Síntese esternal reforçada

Reconhecendo o alto risco de deiscência e/ou infecção de FO, parece lógico deduzir que a utilização de métodos para reforço do esterno seria útil para prevenir tais eventos, porém reconhecimento precoce e tratamento agressivo parecem ainda a melhor conduta frente aos quadros de complicações infecciosas de FO [10,25].

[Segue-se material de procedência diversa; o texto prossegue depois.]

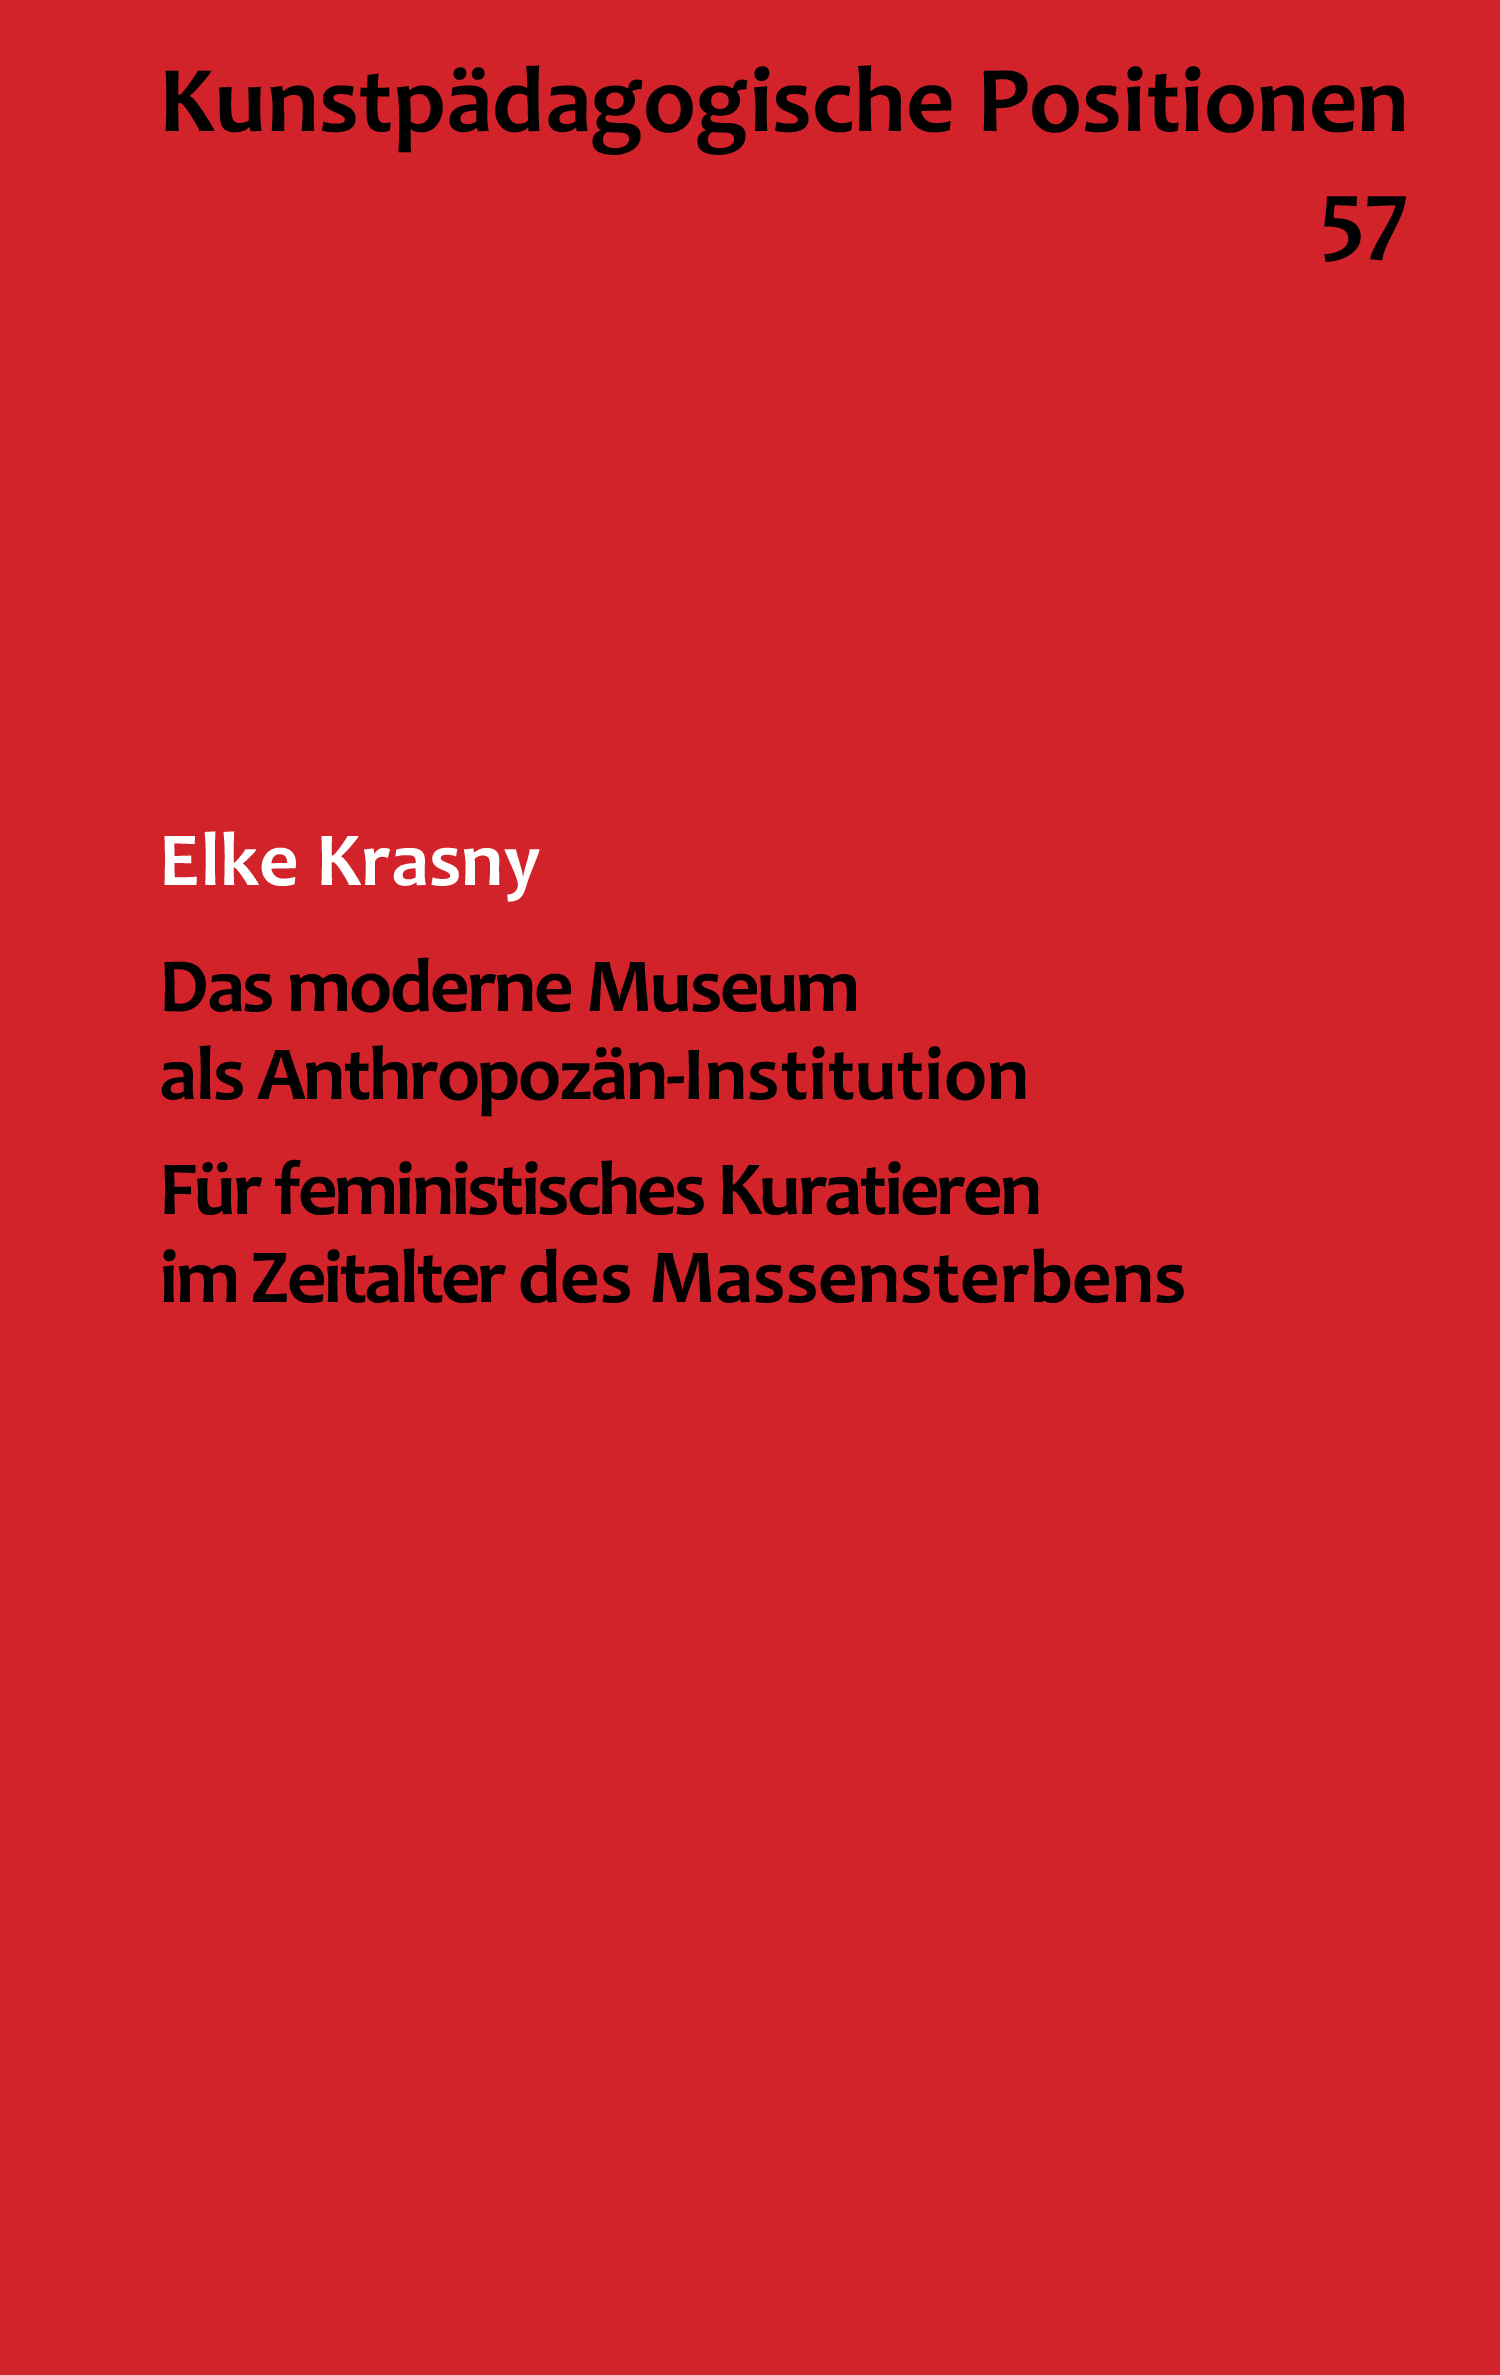 Elke-Krasny_Das-moderne-Museum-als-Anthropozaen-Institution.-Fuer-feministisches-Kuratieren-im-Zeitalter-des-Massensterbens_Kunstpädagogische-Positionen-57_

Uso de insulina endovenosa contínua

Comparada com injeções subcutâneas fracionadas, a infusão contínua endovenosa de insulina induziu significativa redução dos níveis séricos de glicose, em estudo prospectivo de 2.467 pacientes consecutivos, o que pareceu melhorar sobremaneira os índices de infecção de FO [16]. Adicionalmente, pode haver efeito benéfico quanto à contratilidade cardíaca em períodos pós-isquêmicos. Por ser método simples e confiável, pode ser recomendado com maior freqüência, uma vez que geralmente é reservado para pacientes de difícil controle glicêmico somente com aplicações subcutâneas.


CONCLUSÃO

Nosso estudo mostrou incidência semelhante de morbidade e mortalidade entre diabéticos e não diabéticos submetidos a revascularização do miocárdio com o uso de dois enxertos de artéria mamária interna.

Seleção criteriosa de pacientes e técnica operatória apurada podem beneficiar pacientes diabéticos com a utilização de dois enxertos de artérias mamárias.


Nota do Editor
De acordo com a Nômina Anatômica, o correto é utilizar Artéria Torácica e não Artéria Mamária.